▶ [WHAT THIS TASK INVOLVES] Everything in the data must be repeated exactly, apart from the pictures, which are left out.

▶ [THE DATA]
****************

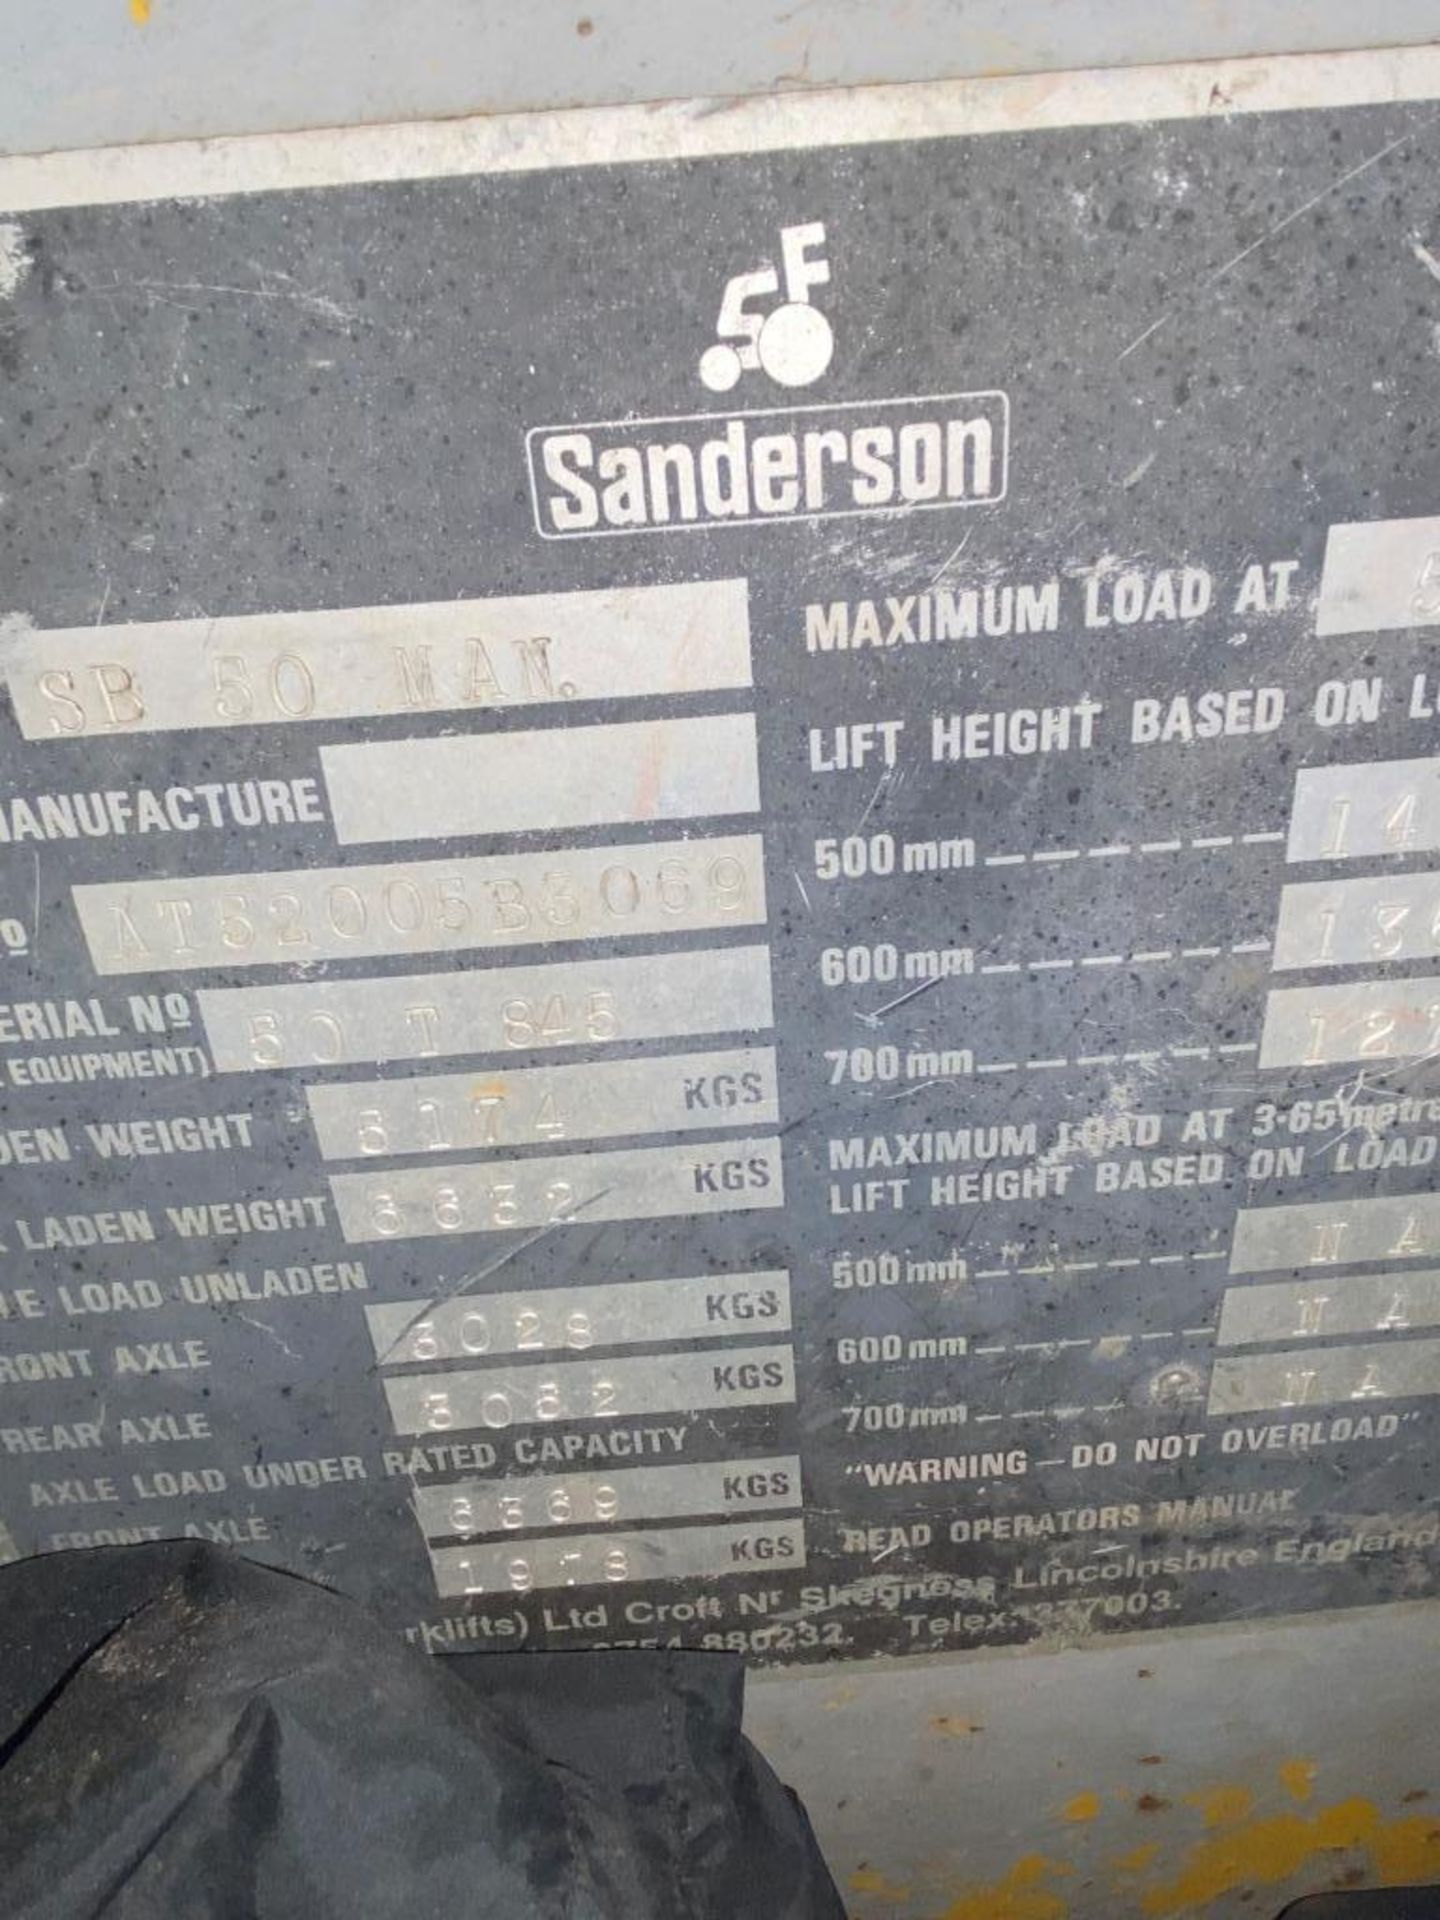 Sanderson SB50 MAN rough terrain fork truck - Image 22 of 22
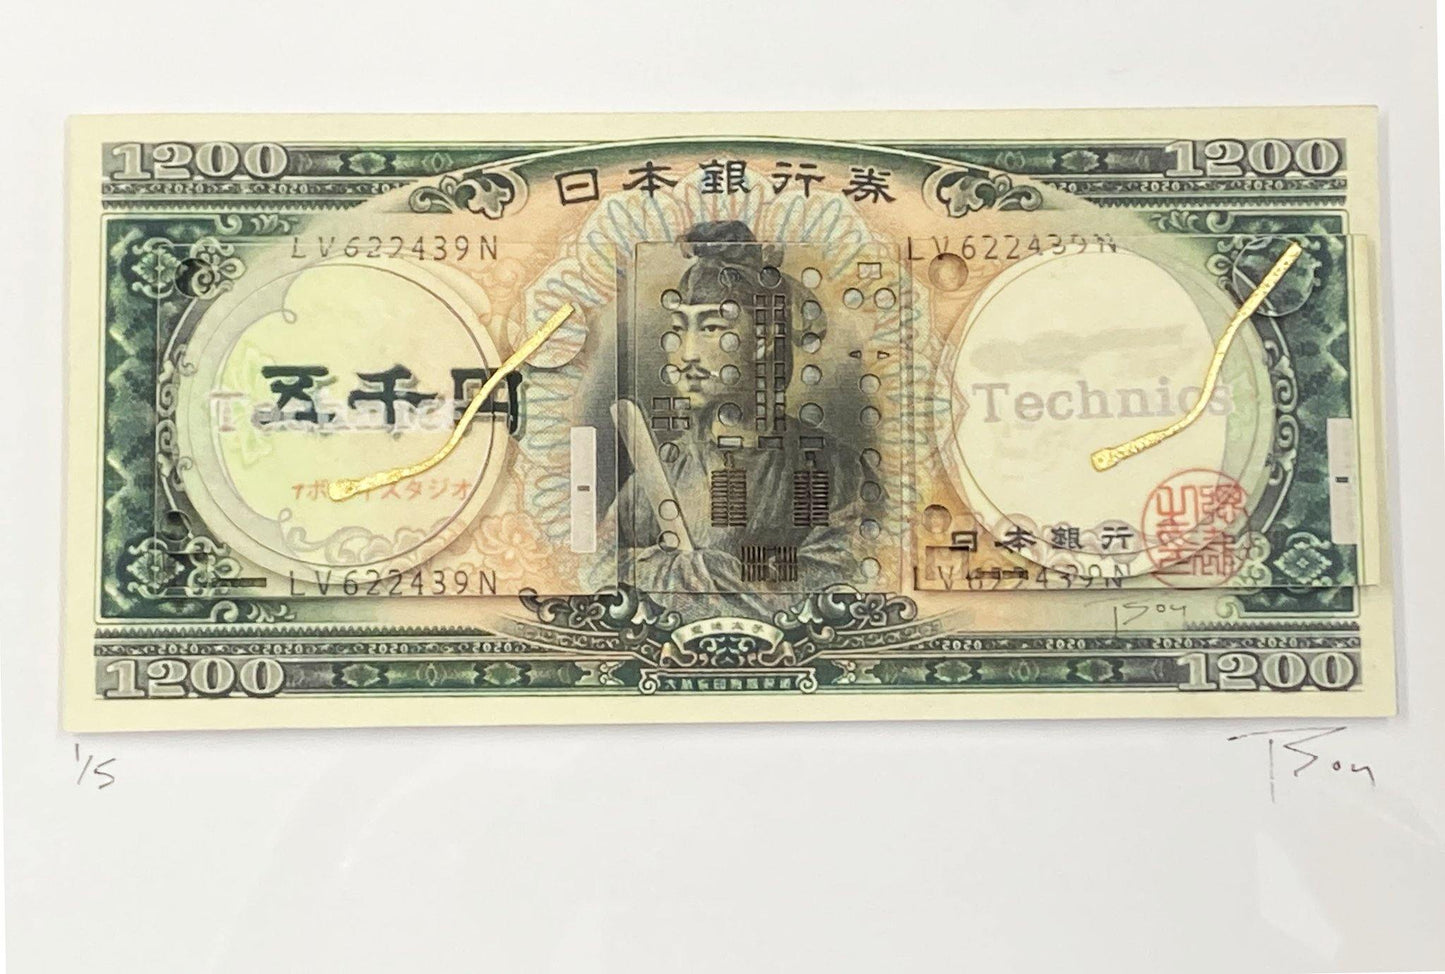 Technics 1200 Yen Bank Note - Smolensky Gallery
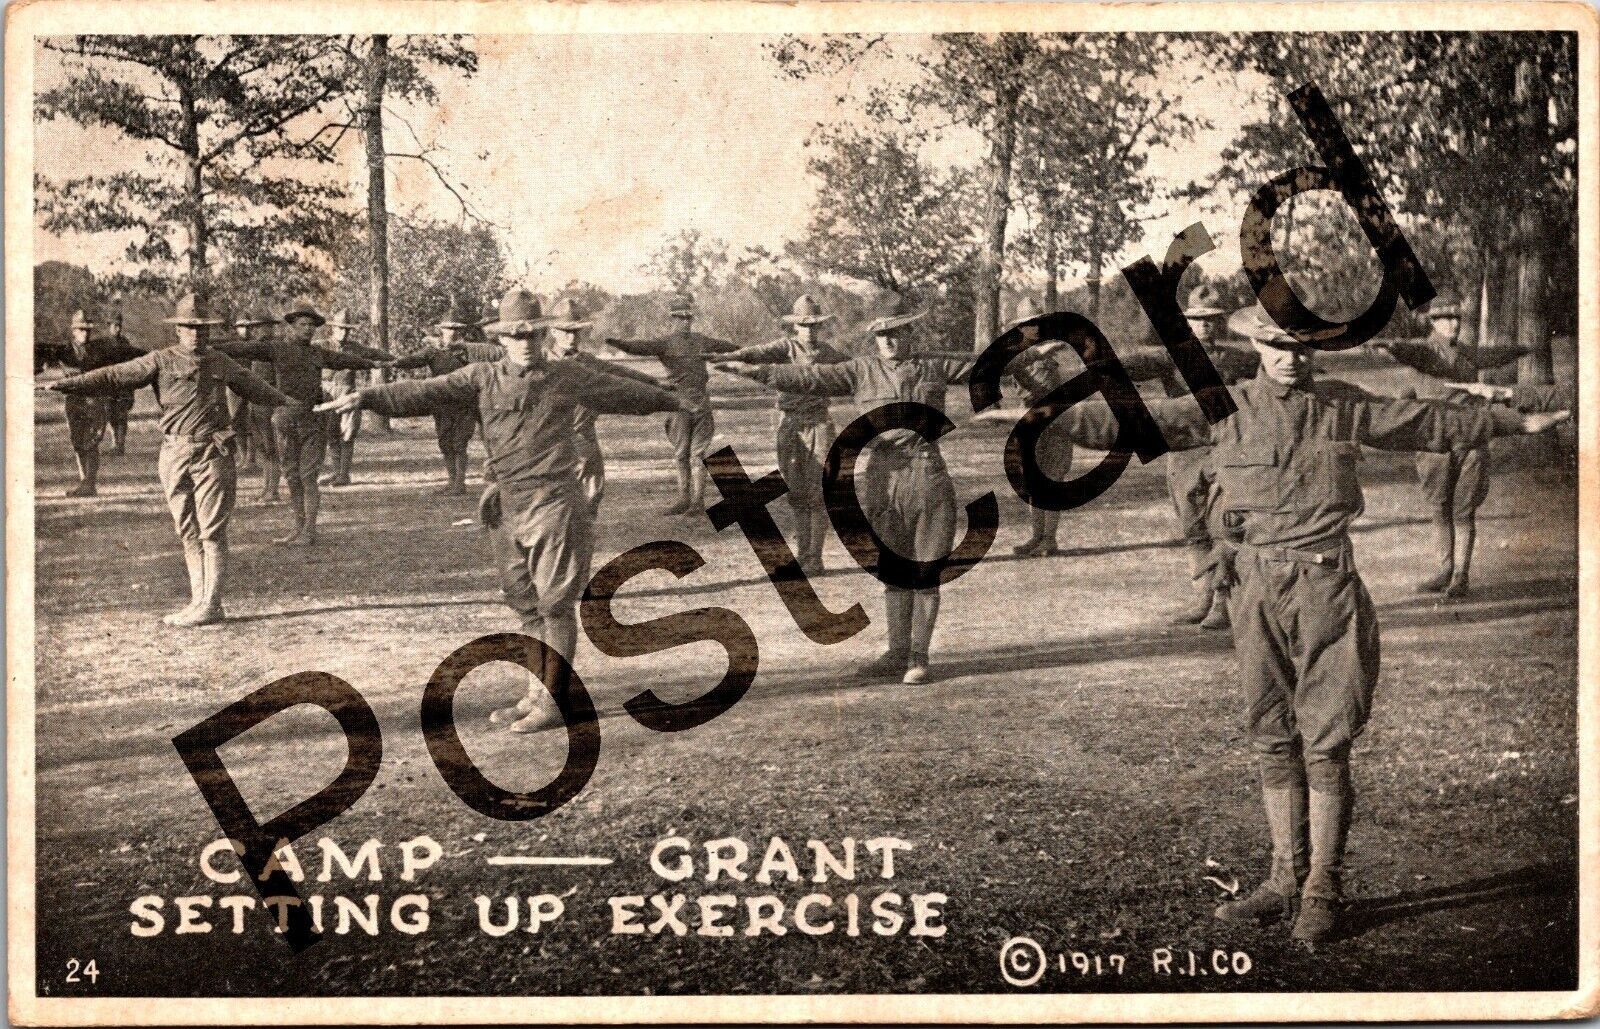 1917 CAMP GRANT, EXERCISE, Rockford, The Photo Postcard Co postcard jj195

****************

▶ [TASK RESULT]
 Sanderson SB50 MAN rough terrain fork truck - Image 22 of 22
 Technics 1200 Yen Bank Note - Smolensky Gallery
 1917 CAMP GRANT, EXERCISE, Rockford, The Photo Postcard Co postcard jj195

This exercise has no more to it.